Task to complete: Where the line containing "Page 9 of doujinshi 여동생이랑 근친하는 만화 6" appears, begin retyping; continue exactly through the final line of the data. Omit every picture.

Given material:

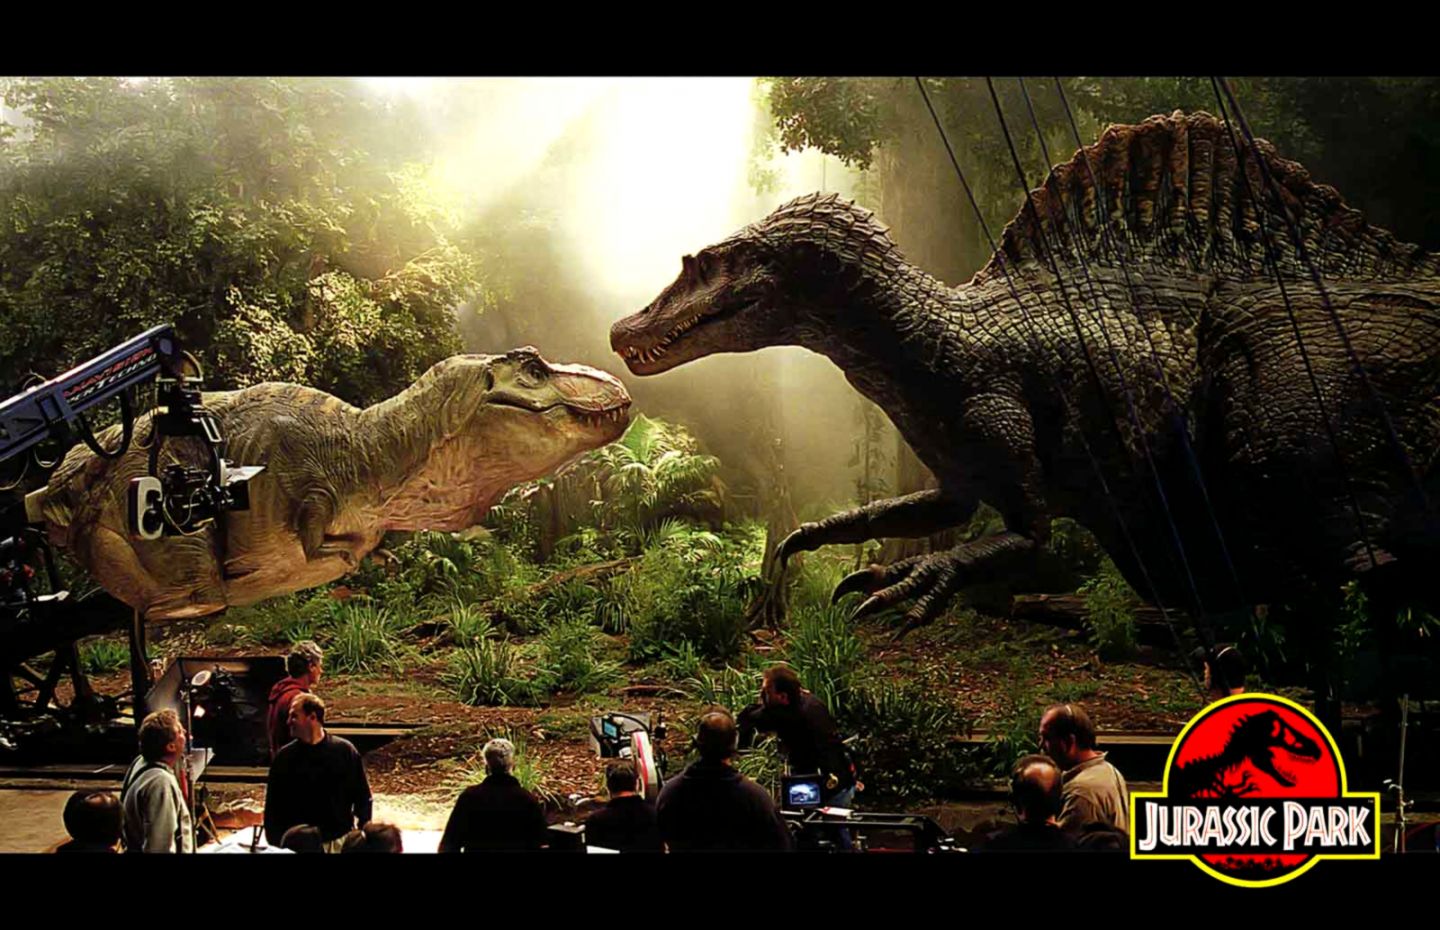 Wallpaper Jurassic World 2 el Reino Caido, John Hammond, Jurassic Park,  Dinosaur, Welcome to Jurassic Park, Background - Download Free Image
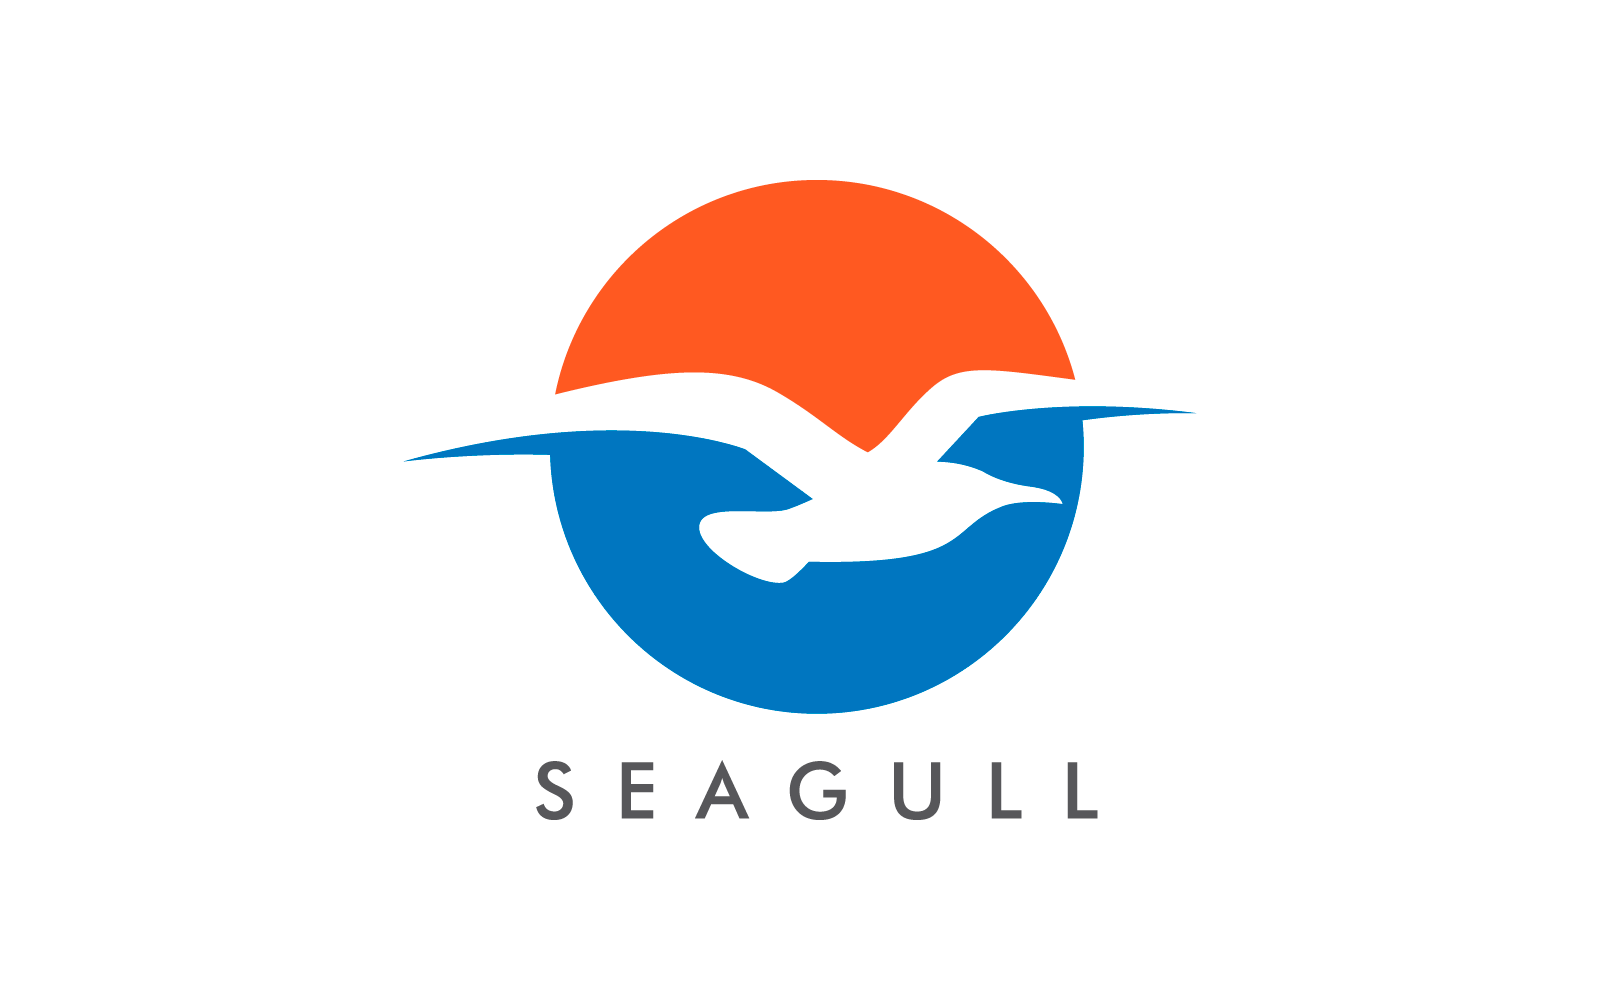 Seagull bird illustration vector flat design template eps 10
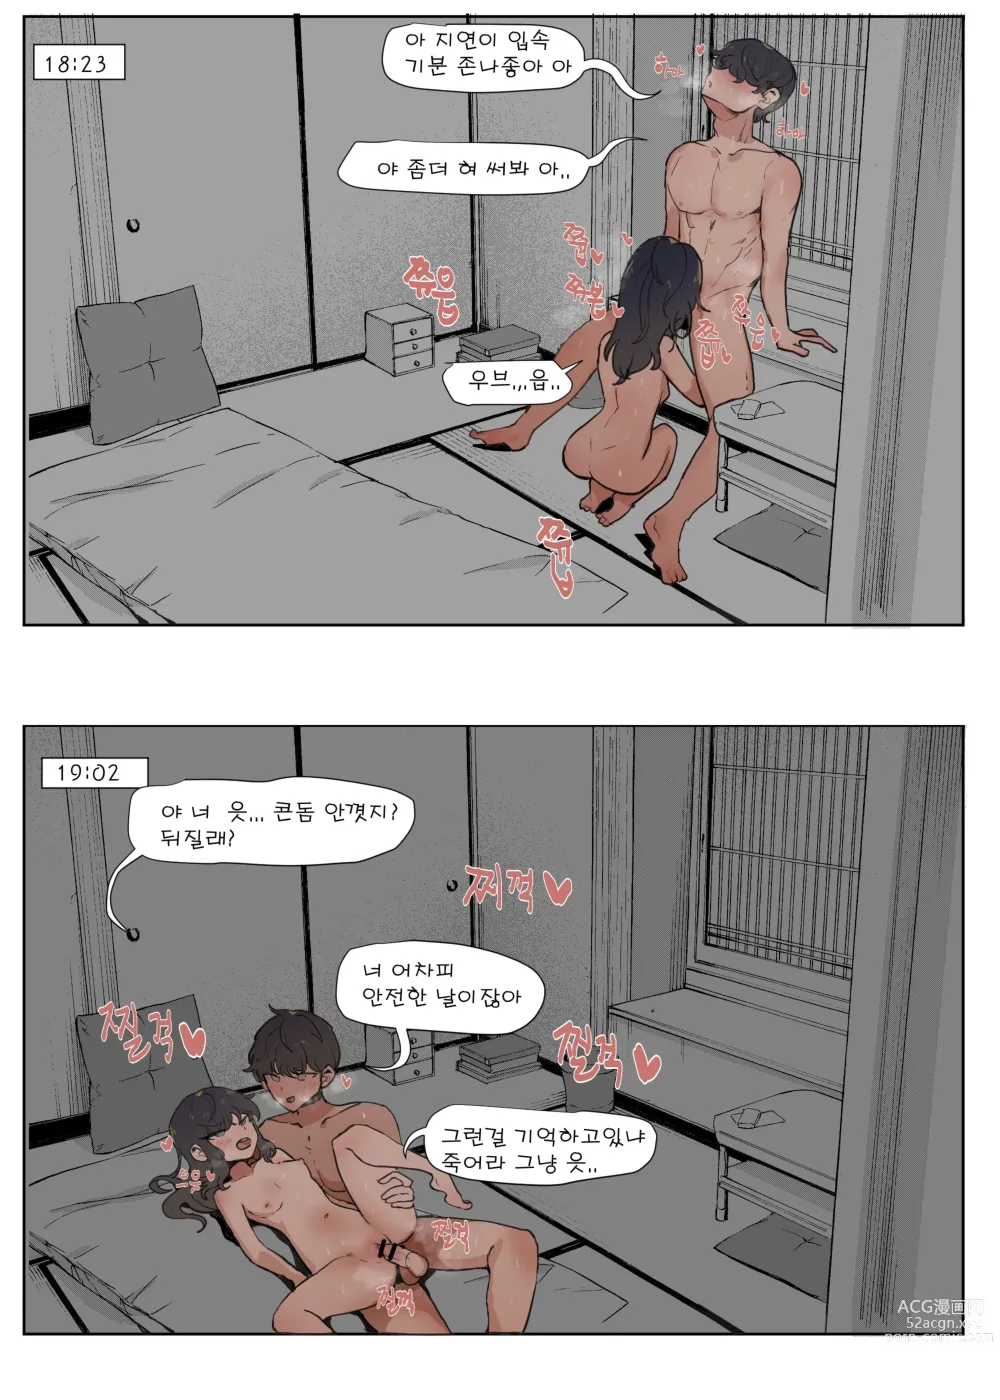 Page 9 of doujinshi 여동생이랑 근친하는 만화 6
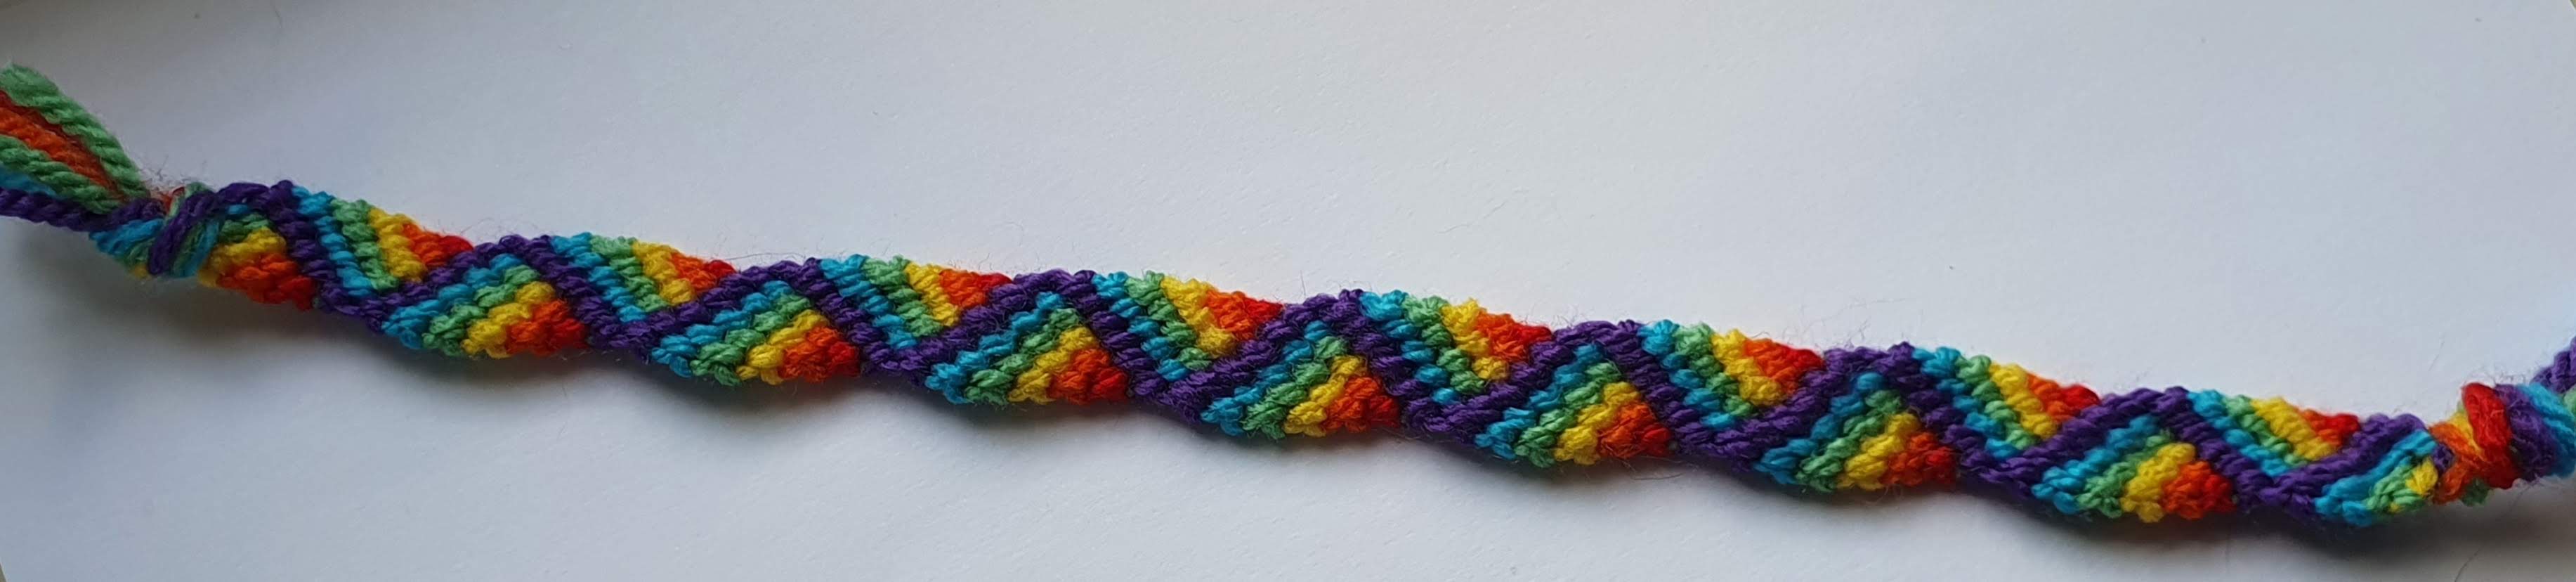 Bracelet with rainbow zigzags, looking like a folded ribbon

Written answer:
 Page 9 of doujinshi 여동생이랑 근친하는 만화 6
 Bracelet with rainbow zigzags, looking like a folded ribbon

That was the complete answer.